Articles of Organization
Note: the Articles reflect the founding conditions of the Society and the Directors and addresses listed here are not current.
Article I.
The name by which the Corporation shall be known is: Central Eurasian Studies Society, Inc. (the “Corporation”).
Article II.
The purpose of the Corporation is to engage in the following activities:
A. To engage in activities to facilitate communication and interaction among scholars of the Central Eurasia region through meetings and conferences, as well as through print and electronic publications.
B. To promote high standards of scholarship and instruction about the Central Eurasia region.
C. To promote cooperation among persons and organizations concerned with the scholarly study of Central Eurasia.
D. To promote general knowledge of and public interest in Central Eurasia.
E. To carry on any other lawful charitable, civic, and educational activities consistent with the requirements and constraints of Section 501(c)(3) of the Internal Revenue Code (the “Code”).
Article III.
The designation of classes of membership, the manner of election or appointment, the duration of membership, and the qualification and rights, including voting rights, of the members of each class shall be set forth in the Bylaws.
Article IV.
Other lawful provisions for the conduct and regulation of the business and affairs of the corporation, for its voluntary dissolution, or for limiting, defining, or regulating the powers of the corporation, or of its directors or members, or of any class of members, are as follows:
A. Except as otherwise provided in the Bylaws, by the Board of Directors, and by the laws of the Commonwealth of Massachusetts meetings of the Corporation may be held outside the Commonwealth of Massachusetts.
B. The directors of the Corporation may make, amend or repeal the Bylaws of the Corporation in whole or in part, except with respect to any provision thereof which by law, these Articles or the Bylaws of the Corporation requires action by the members.
C. The officers and directors of the Corporation shall not be personally liable to the Corporation or to its members for monetary damages for breach of fiduciary duty as an officer or director notwithstanding any provision of law imposing such liability, provided, however, that this provision does not eliminate or limit the liability of an officer or director:
(i) for any breach of the officer’s or director’s duty of loyalty to the Corporation or its members,
(ii) for acts or omissions not in good faith or which involve intentional misconduct or a knowing violation of law, or
(iii) for any transaction from which the officer or director derived an improper personal benefit.
D. Notwithstanding any other provision of these Articles, the Corporation shall not carry on any activities not permitted to be carried on by a corporation exempt from Federal income tax under Section 501(c)(3) of the Code.
E. No part of the assets or net earnings of the Corporation shall be divided among or inure to the benefit of any officer, director, member, or private individual, and no person shall receive or be entitled to receive any pecuniary profit of any kind therefrom except as reasonable compensation for services rendered, reimbursement for expenses incurred on behalf of the Corporation, or for the making of distributions to exempt organizations in furtherance of the purposes of the Corporation as set forth in these Articles.
F. No substantial part of the activities of the Corporation shall be the carrying on of propaganda or otherwise attempting to influence legislation, and the Corporation shall not participate in or intervene in (including the publishing or distribution of statements) any political campaign on behalf of any candidate for public office.
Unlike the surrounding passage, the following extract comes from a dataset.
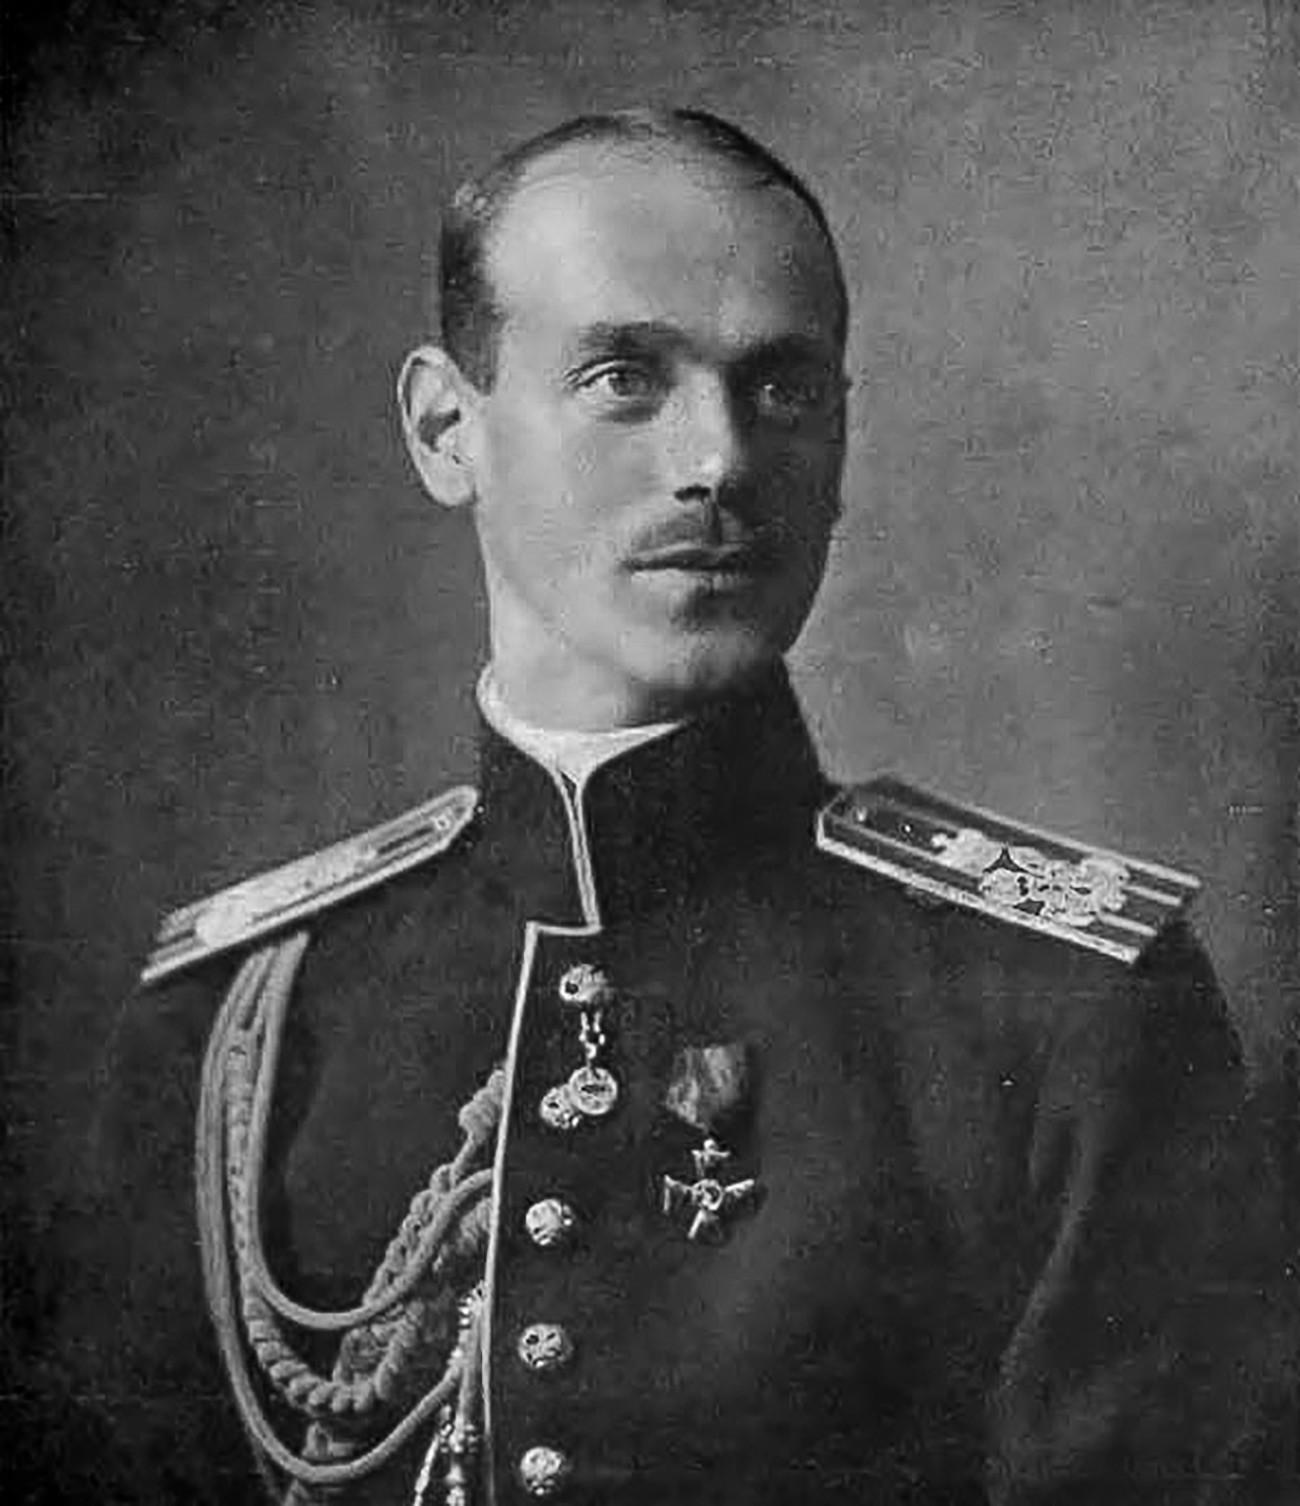 Ruski veliki knez Mihail Aleksandrovič, mlađi brat posljednjeg ruskog cara Nikolaja II.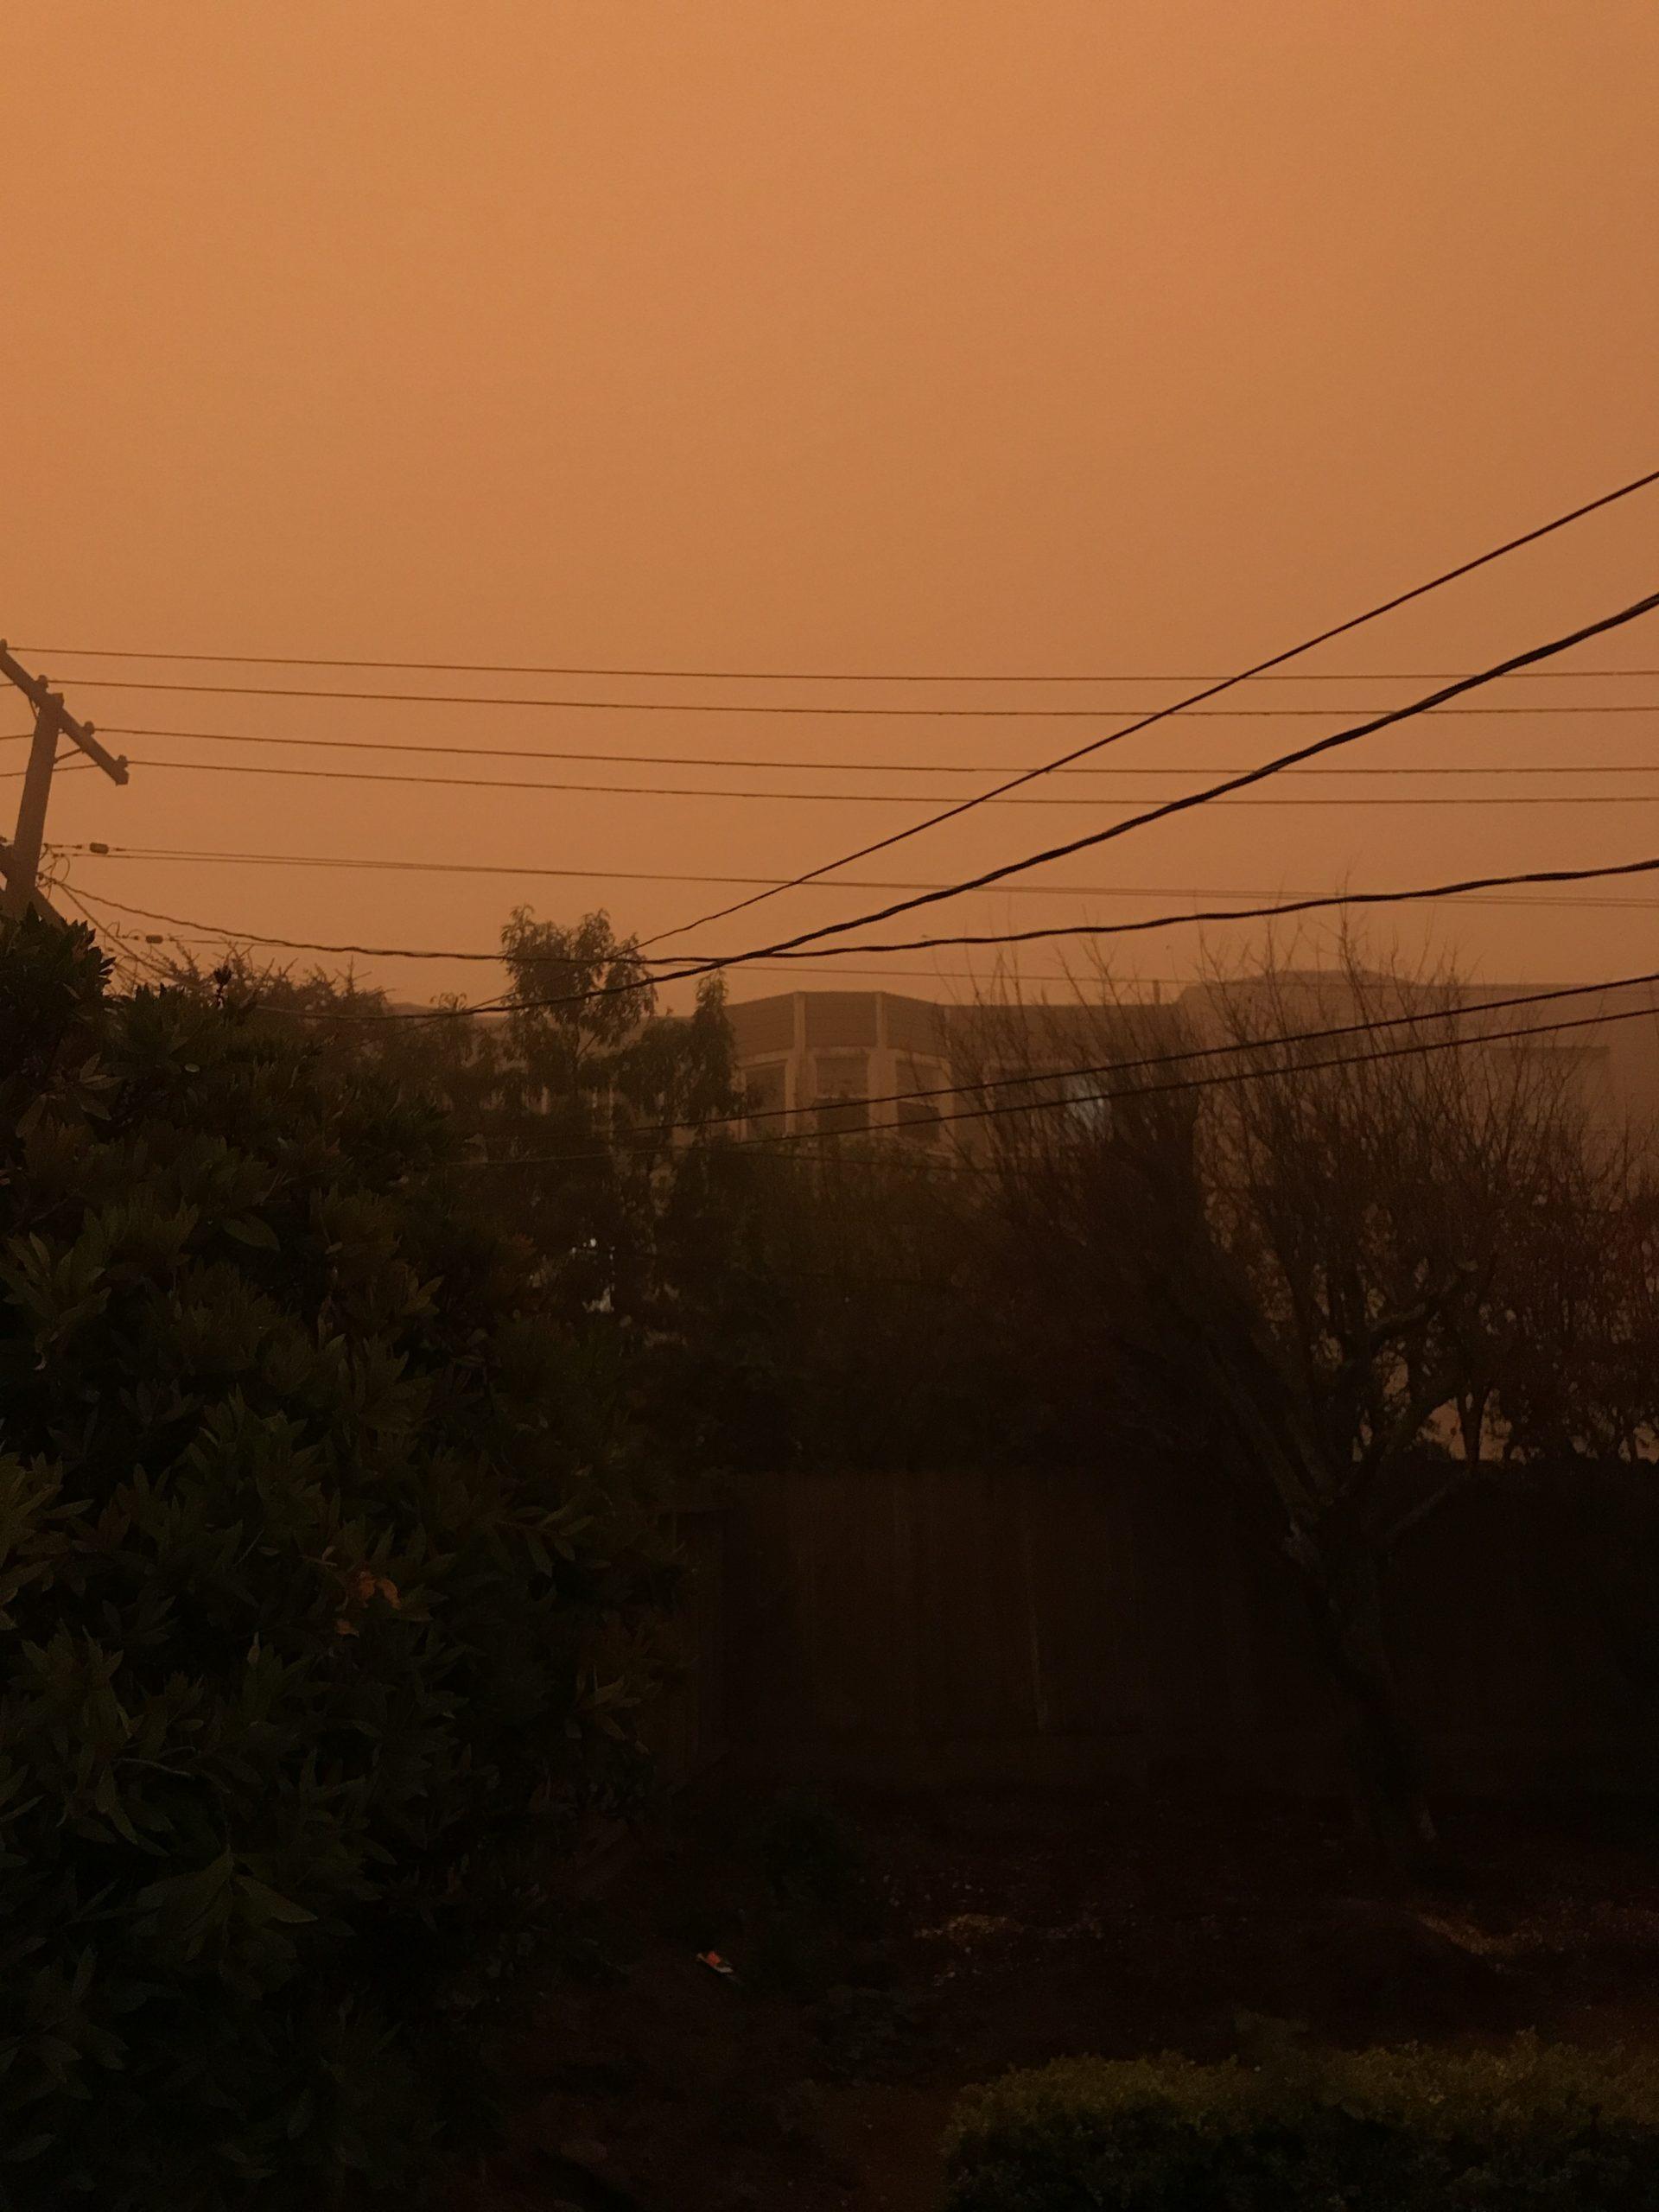 Shaina Lopes picture of orange sky

The Corporation shall not, except to an insubstantial degree, engage in any activities or exercise any powers that are not in furtherance of its purposes.
H. Upon dissolution of the Corporation, after payment of all of the liabilities of the Corporation or due provision therefor, the directors or officers having the powers of directors shall distribute all remaining assets of the Corporation exclusively in accordance with the educational and charitable purposes of the Corporation, in such manner or to such organization or organizations as qualify at the time under Section 501(c)(3) of the Code, as said directors or officers shall determine. Any assets not so disposed of shall be disposed of by the appropriate Massachusetts court having jurisdiction exclusively for such purposes stated above, or to such organization or organizations qualifying as stated above, or for such other purposes as qualify under Section 501(c)(3) of the Code, as said court shall determine.
I. The Bylaws of the Corporation may establish terms of office of more than one year for certain Directors and Officers of the Corporation elected by the members.
Article V.
Bylaws of the Corporation have been duly adopted.
Article VI.
The effective date of organization of the Corporation shall be the date of filing with the Secretary of the Commonwealth.
Article VII.
The information contained in Article VII is not a permanent part of the Articles of Organization.
a. The principal office of the Corporation in Massachusetts is: c/o Harvard Forum for Central Asian Studies, 1737 Cambridge St., Cambridge, MA 02138
b. The name, residential address and post office address of each director and officer of the Corporation is as follows:
NAME RESIDENTIAL ADDRESS POST OFFICE ADDRESS
President/Treasurer/Clerk: John Schoeberlein
Directors: Marianne Kamp, John Schoeberlein, Brenda Shaffer, Uli Schamiloglu.
c. The fiscal year of the Corporation shall end on the last day of the month of December.
I/We, the below signed incorporator(s), do hereby certify under the pains and penalties of perjury that I/we have not been convicted of any crimes relating to alcohol or gaming within the past ten years. I/We do hereby further certify that to the best of my/our knowledge the above-named officers have not been similarly convicted.
IN WITNESS WHEREOF AND UNDER THE PAINS AND PENALTIES OF PERJURY, I/we, whose signature(s) appear below as incorporator(s) and whose name(s) and business or residential address(es) are clearly typed or printed beneath each signature, do hereby associate with the intention of forming this Corporation under the provisions of General Laws, Chapter 180 and do hereby sign these Articles of Organization as incorporator(s) this _______ day of ________________________ , 2001,
[Signed]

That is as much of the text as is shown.